◆ TASK BRIEF ◆
Return the data that follows exactly as it appears. Pictures do not belong in the copy.

◆ PROVIDED DATA ◆
▽
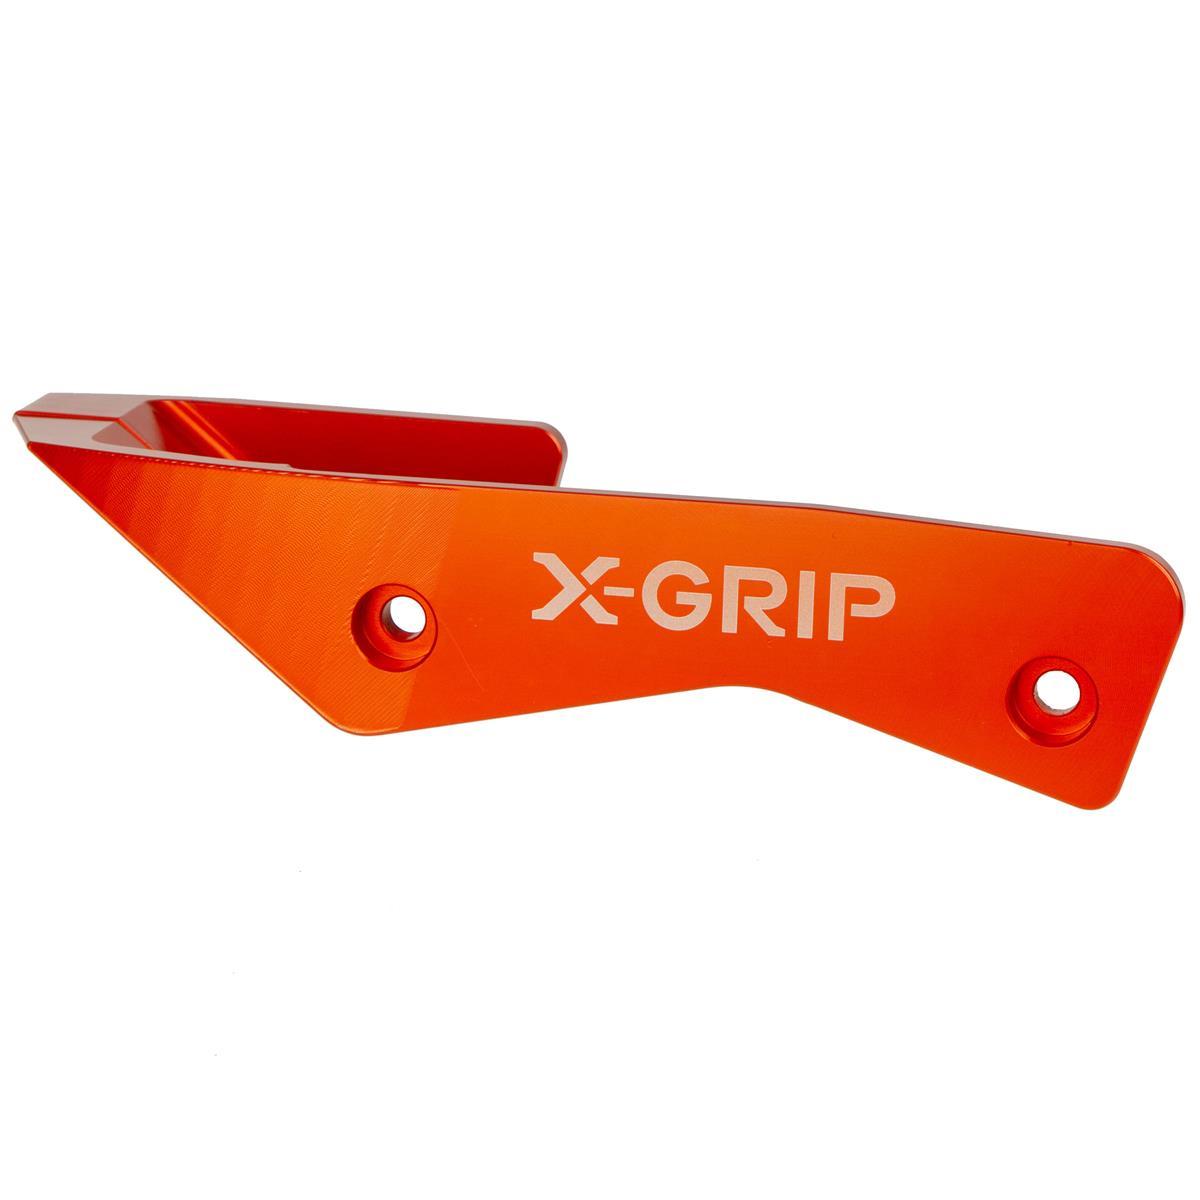 X-Grip Schwingenschutz Aluminium KTM SX/SX-F/EXC/EXC-F 08-19, Husqvarna TE/FE/TC/FC/TX 14-19, Orange
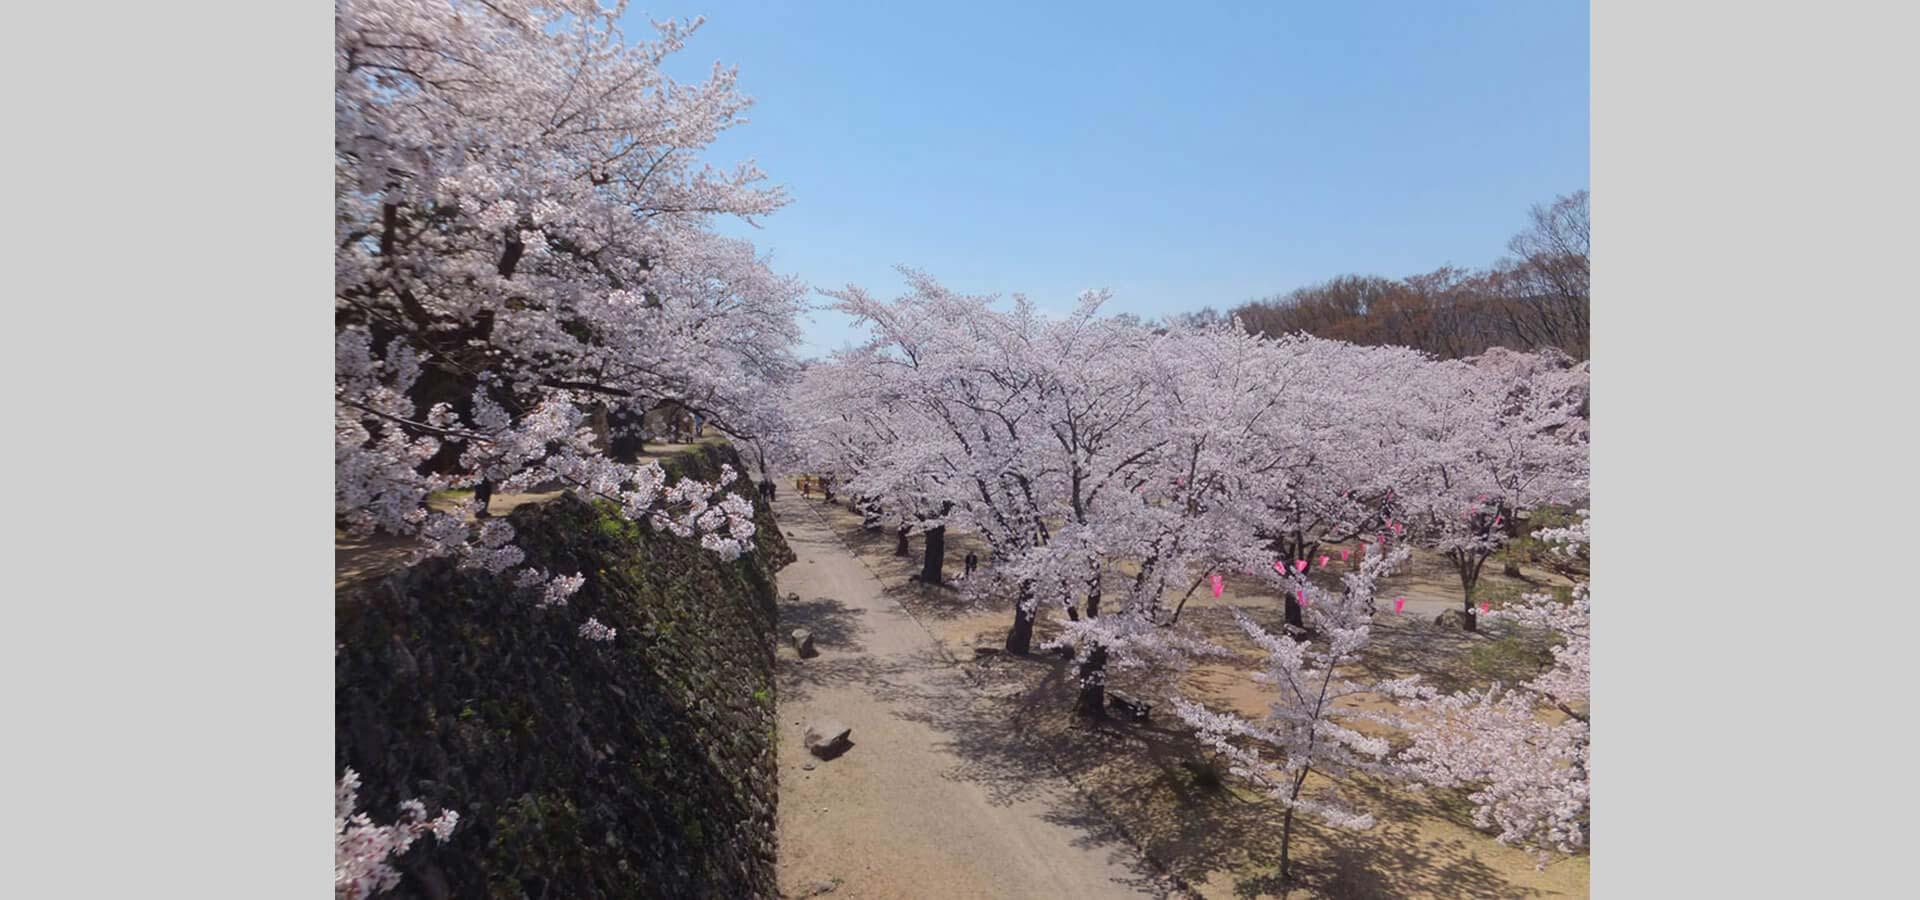 周边景点:小诸城址怀古园 樱花祭 从4月9日至4月30日
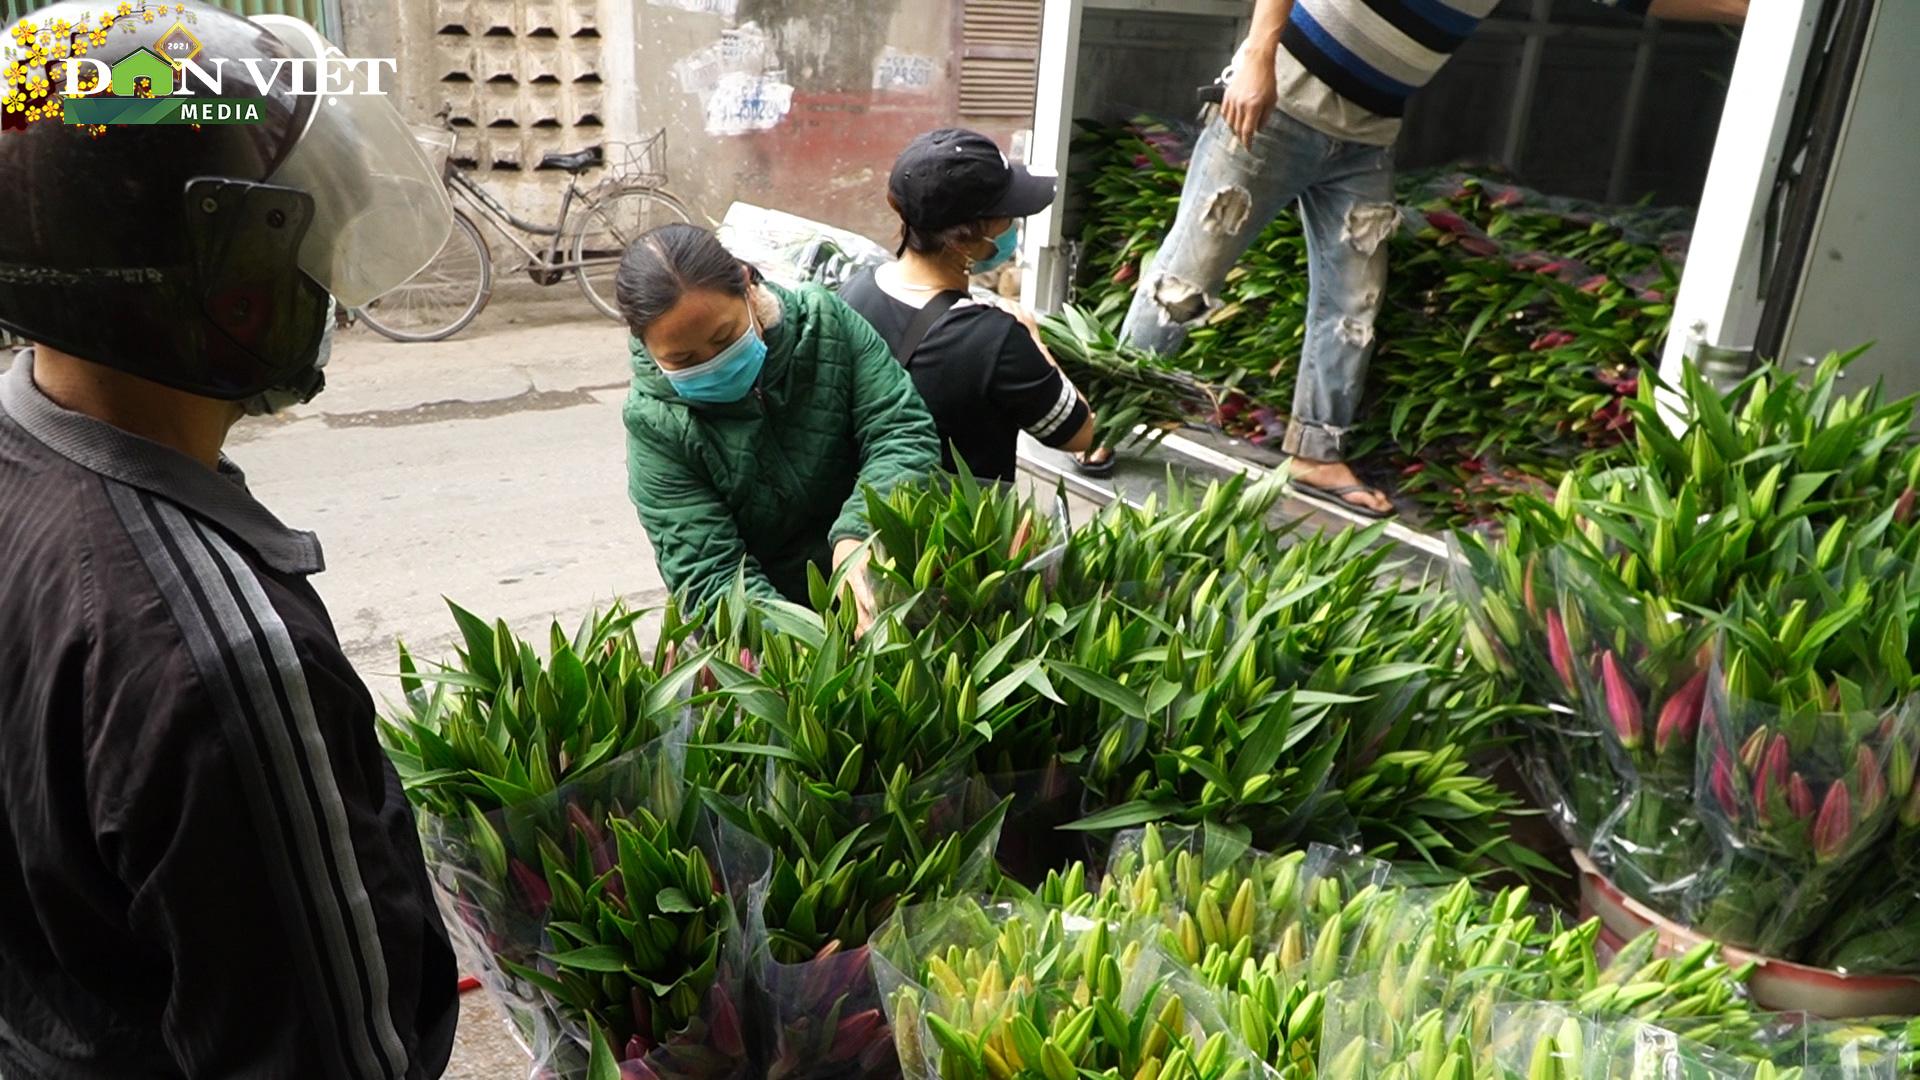 """Hoa ly rớt giá rẻ như rau, người dân làng Tây Tựu """"ngồi trên đống lửa"""" - Ảnh 3."""
△
◆ RESPONSE BOX ◆
 X-Grip Schwingenschutz Aluminium KTM SX/SX-F/EXC/EXC-F 08-19, Husqvarna TE/FE/TC/FC/TX 14-19, Orange
 周边景点:小诸城址怀古园 樱花祭 从4月9日至4月30日
 """Hoa ly rớt giá rẻ như rau, người dân làng Tây Tựu """"ngồi trên đống lửa"""" - Ảnh 3."""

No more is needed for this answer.